→ Information shown
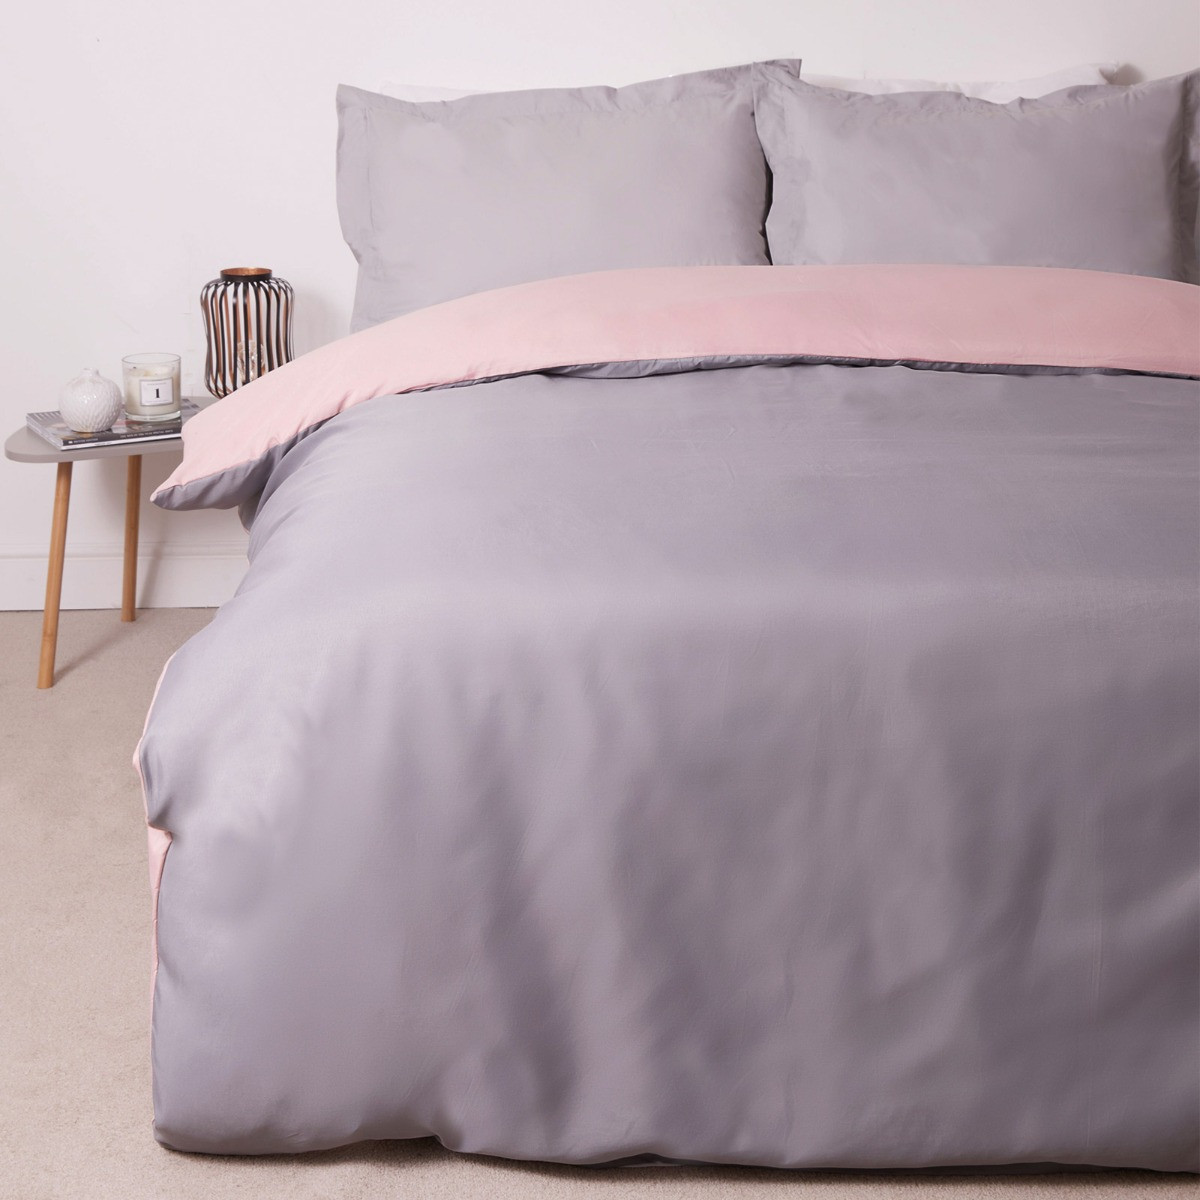 Brentfords Plain Dye Duvet Cover Set with Oxford Pillowcase - Blush Pink / Grey>
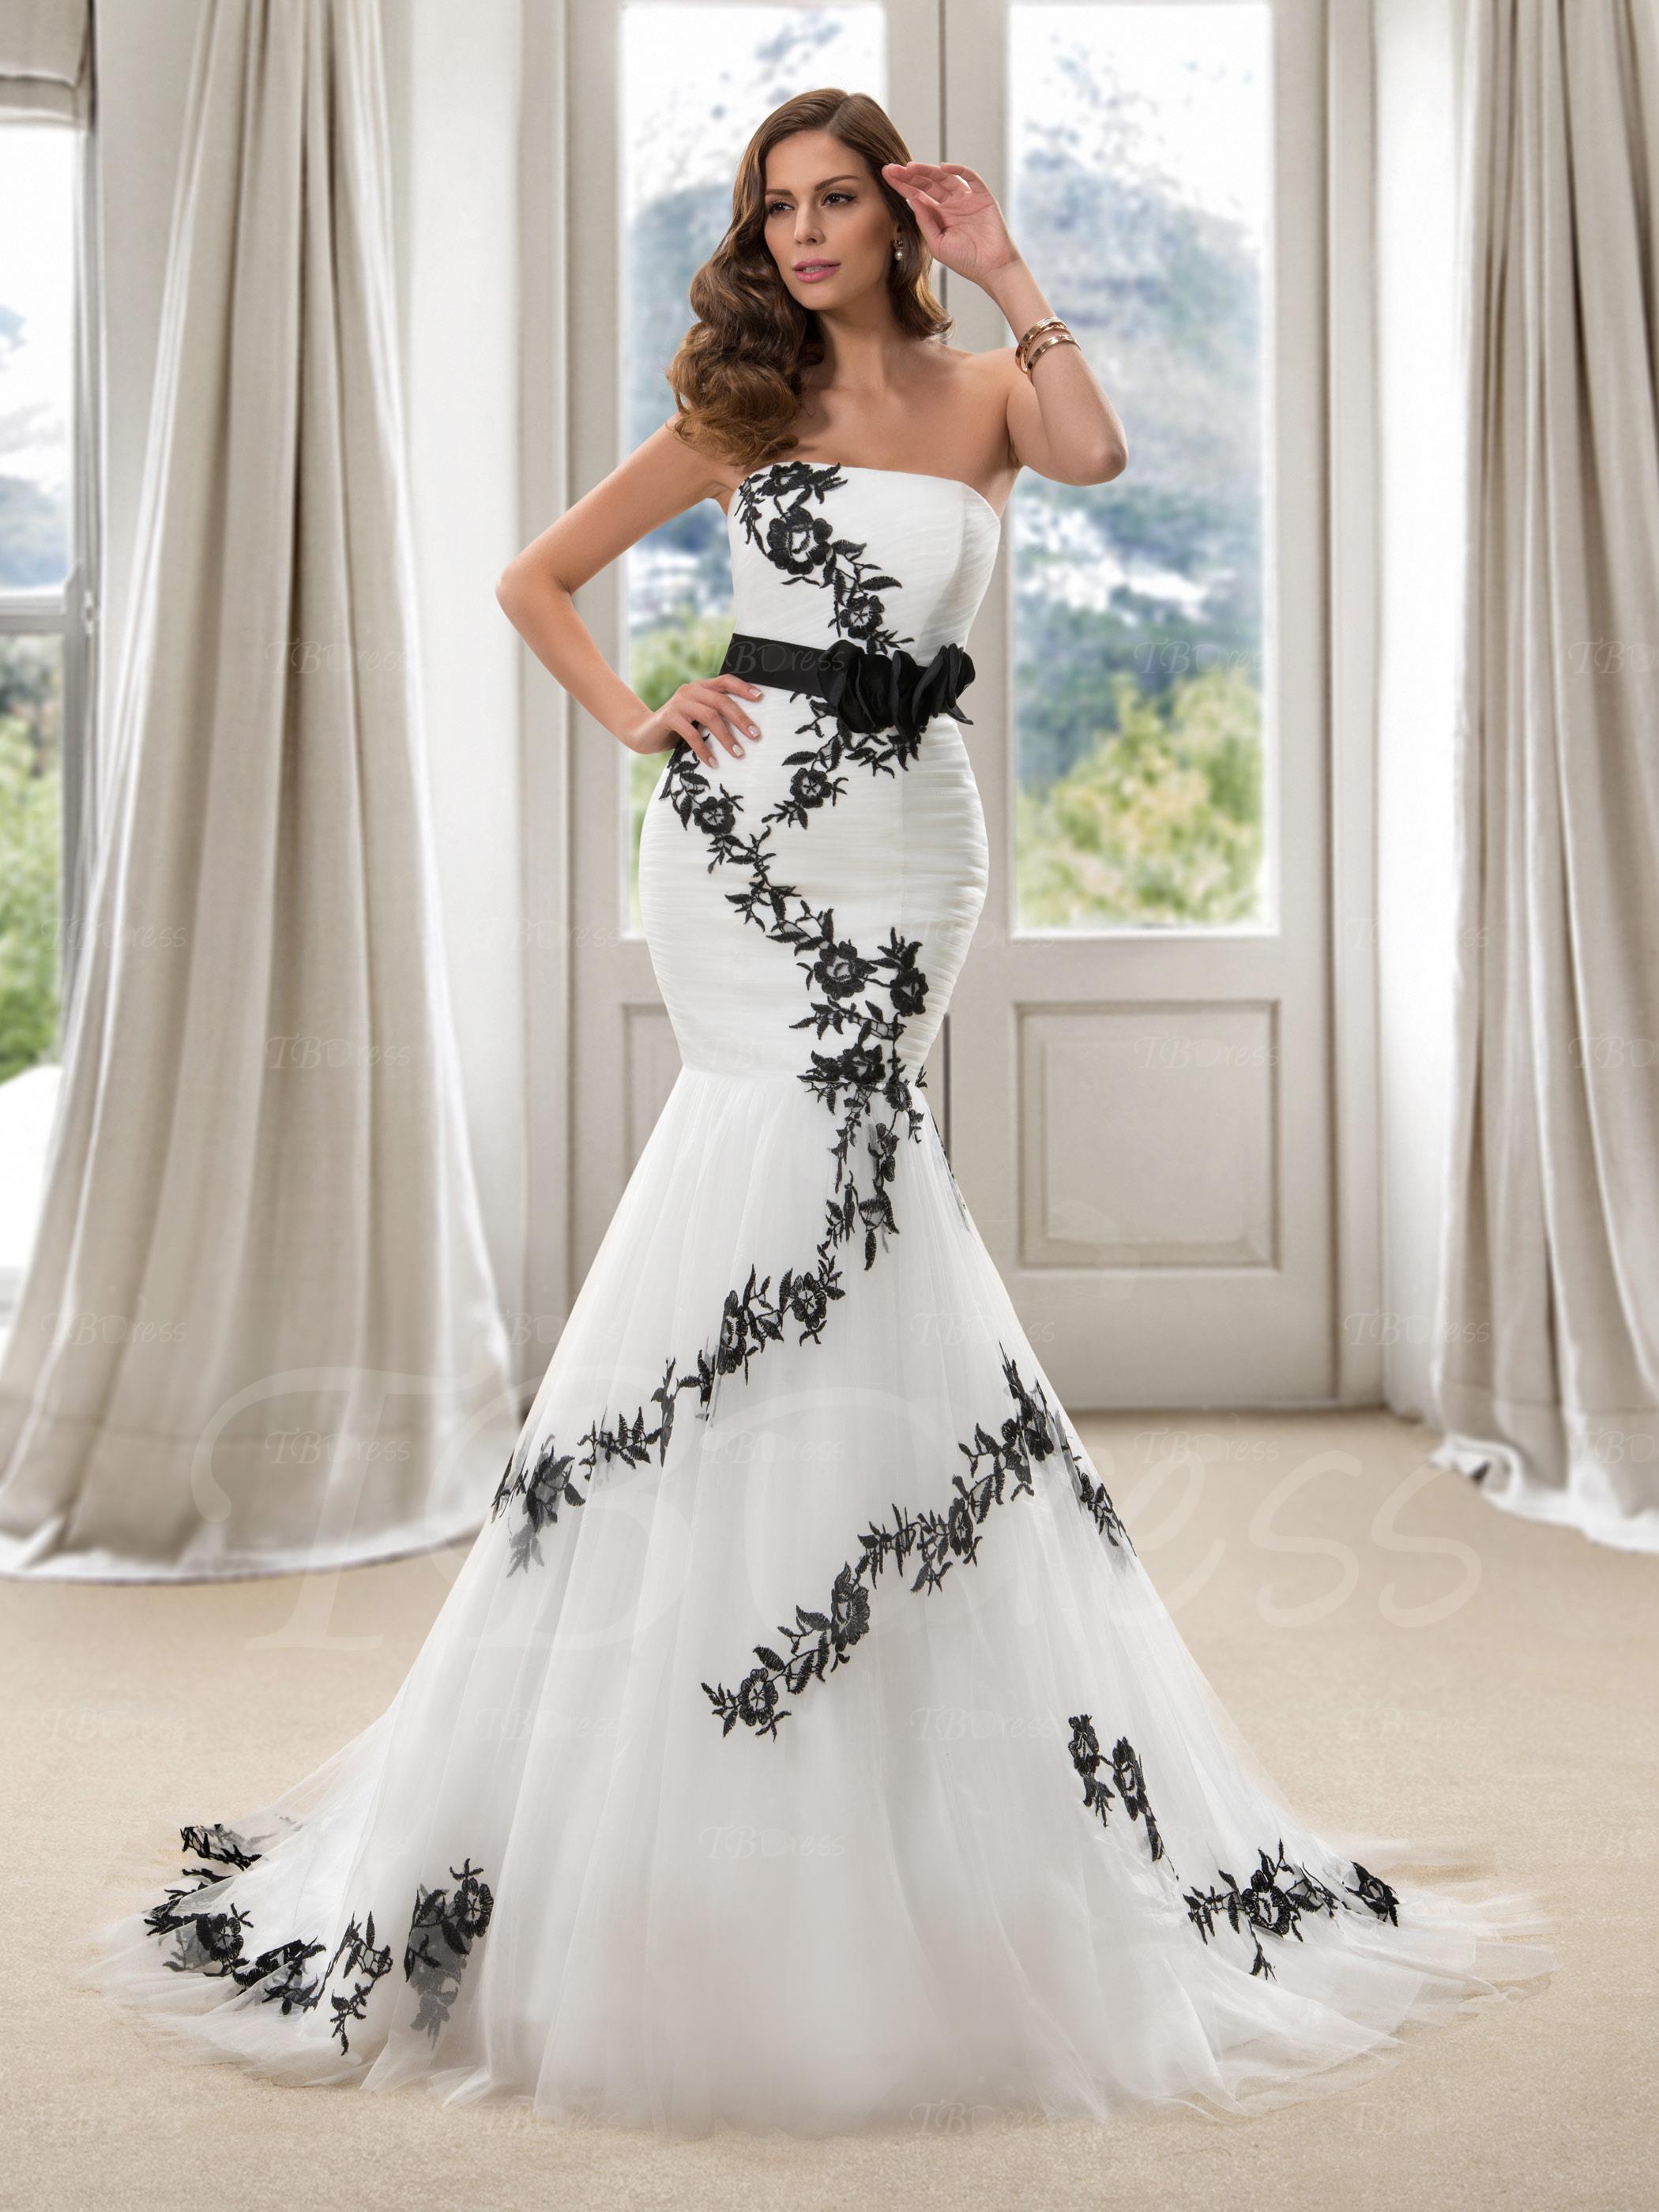 White mermaid wedding dress with black lace
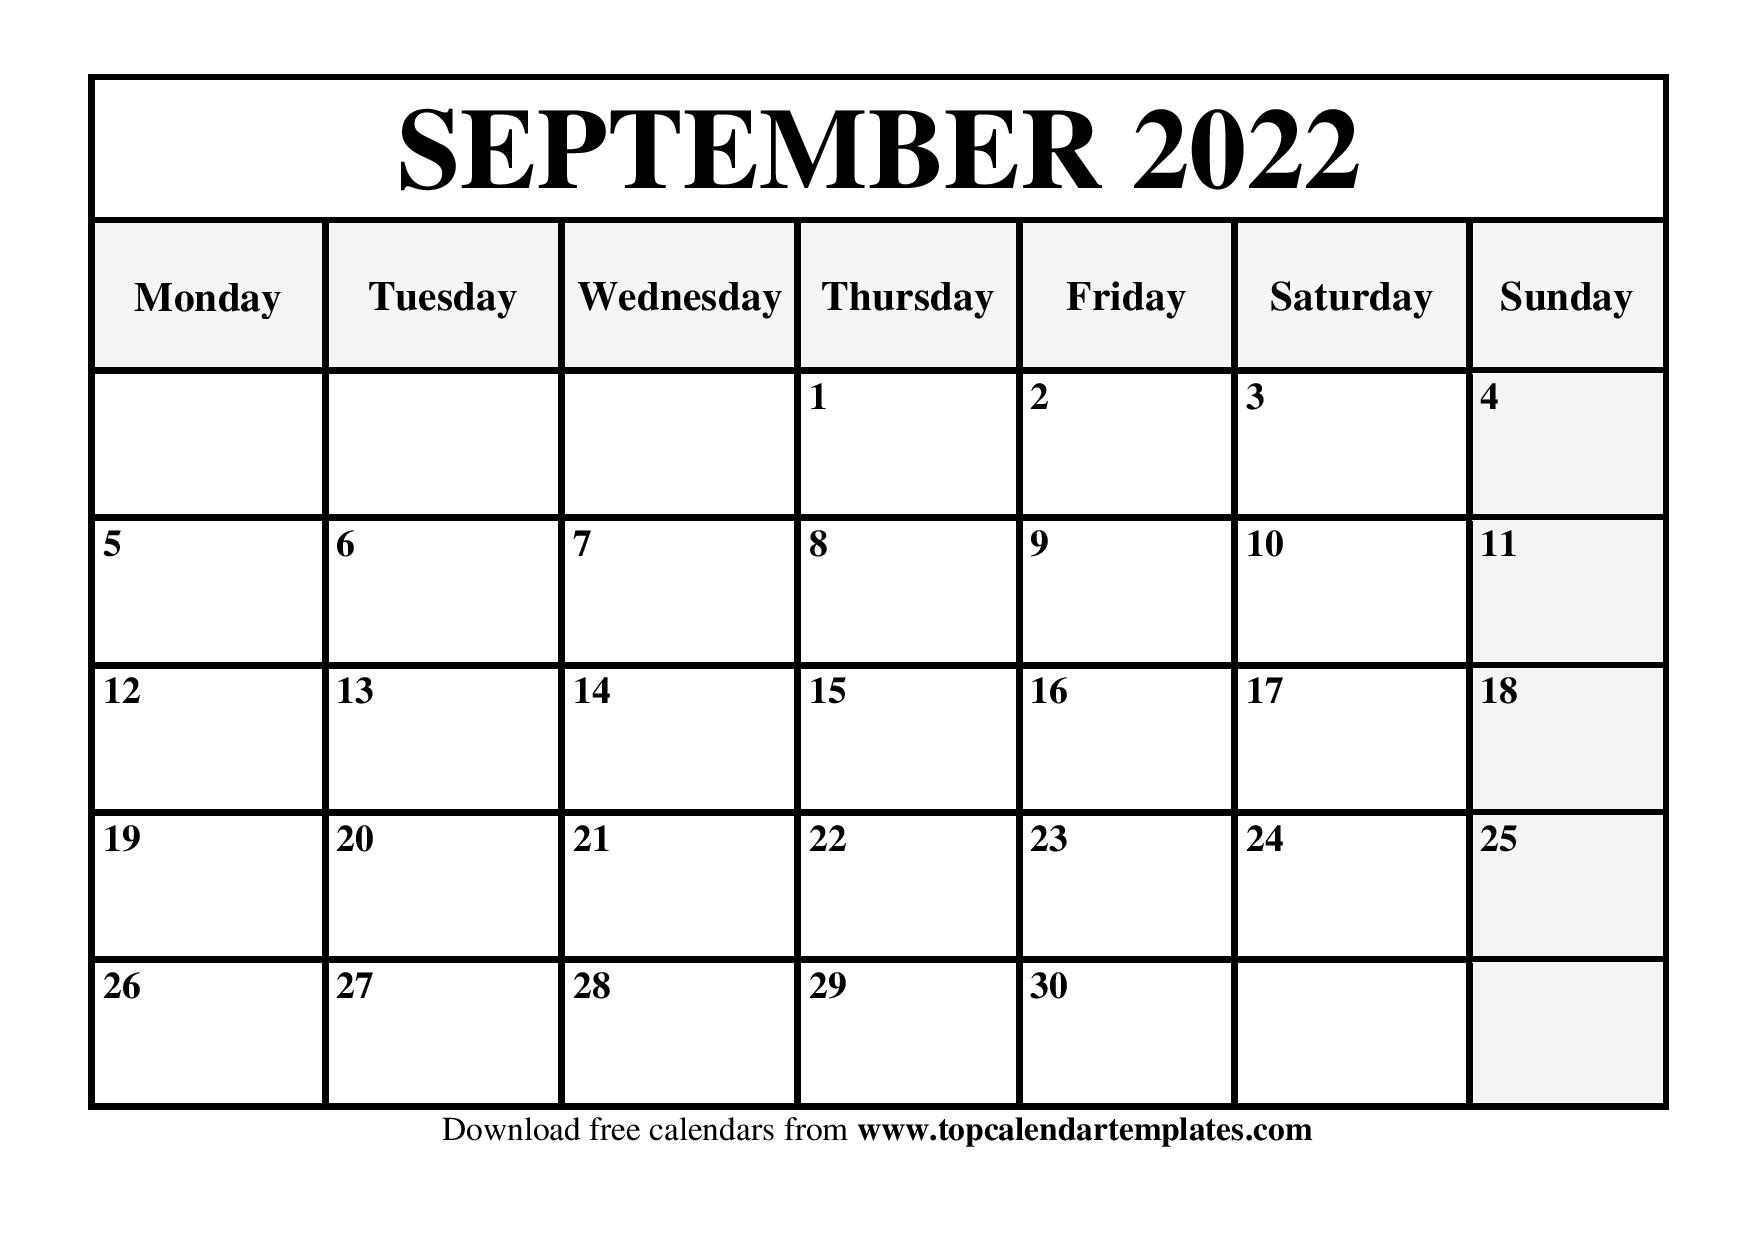 Free Printable Calendar Sept 2022 Printable Calendar September 2022 Templates - Pdf, Word, Excel
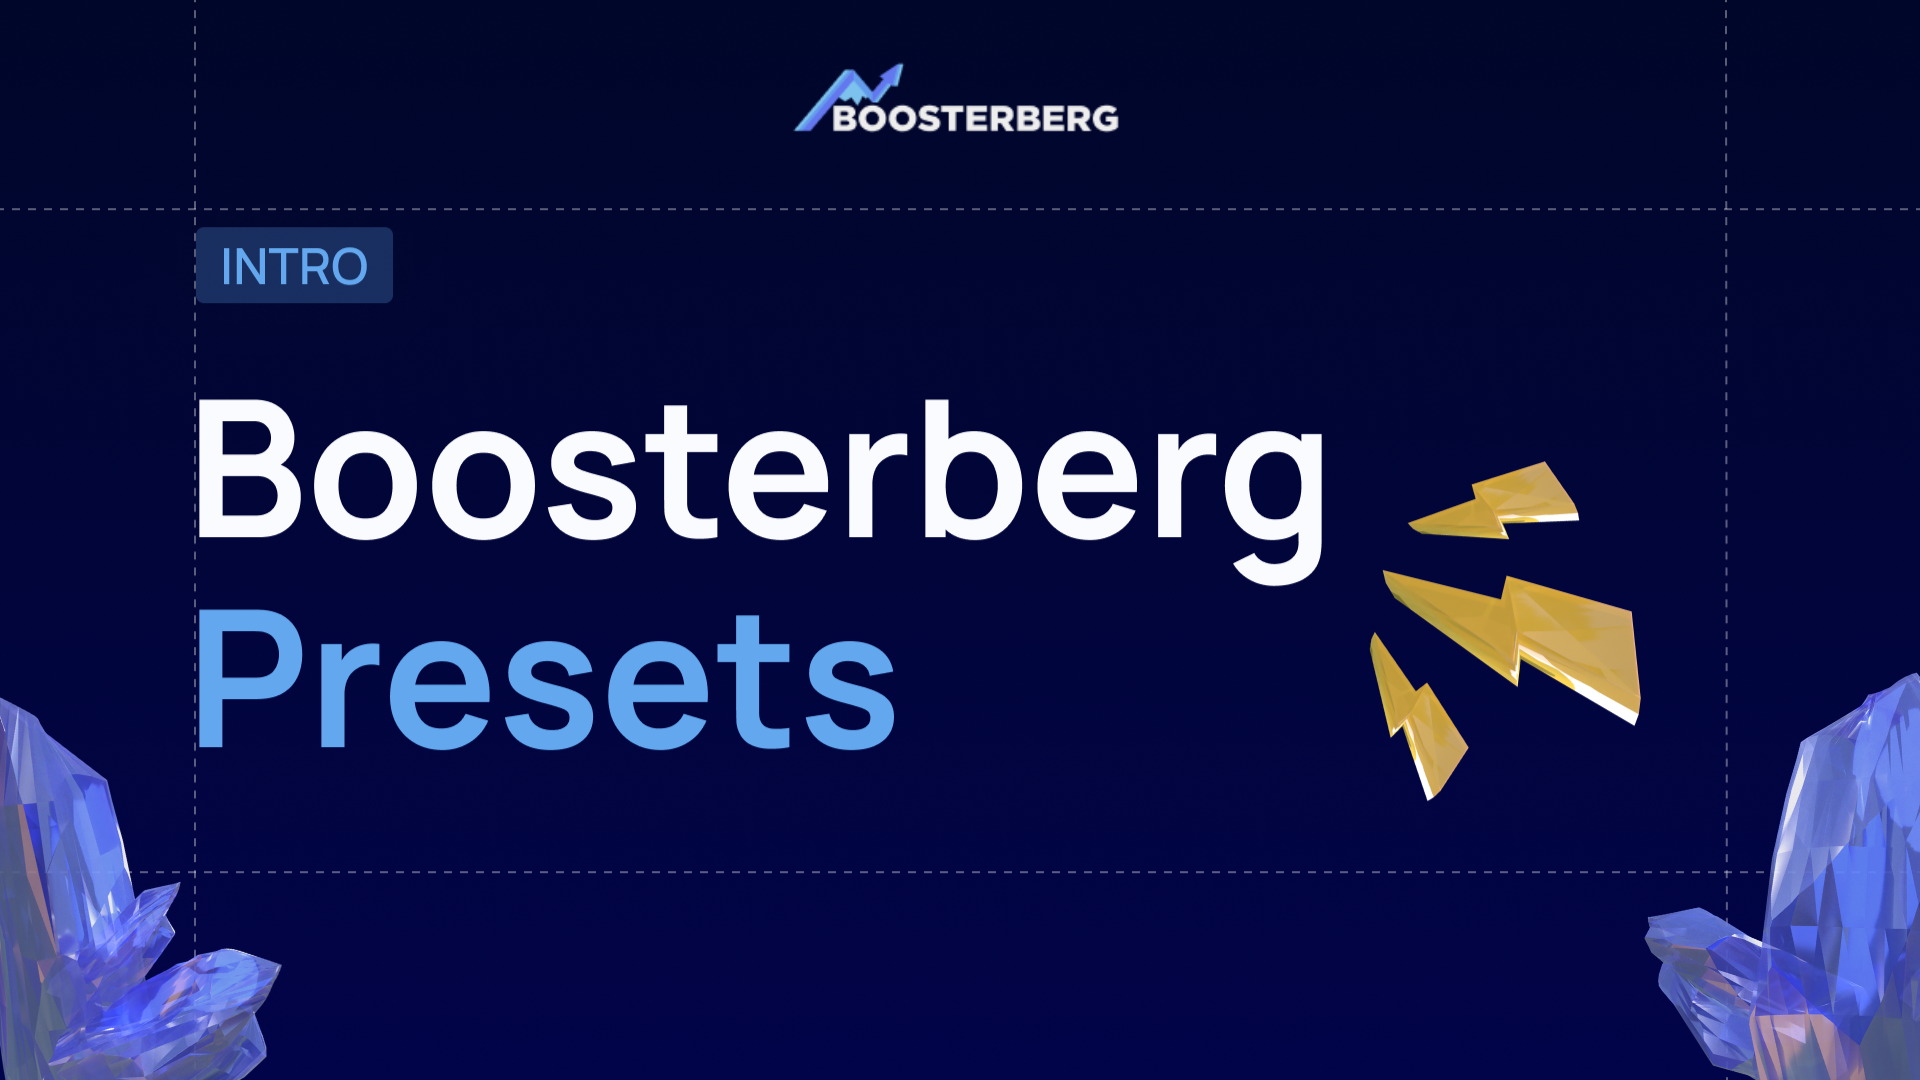 New Boosterberg Feature for Content Creators: Ad Presets

→ What you are asked to do
From the line containing "Free Printable Calendar" through the last line of the listing, inclusive, transcribe every line exactly and nothing else; the pictures stay out.

→ Answer for this exercise
 Free Printable Calendar Sept 2022 Printable Calendar September 2022 Templates - Pdf, Word, Excel
 New Boosterberg Feature for Content Creators: Ad Presets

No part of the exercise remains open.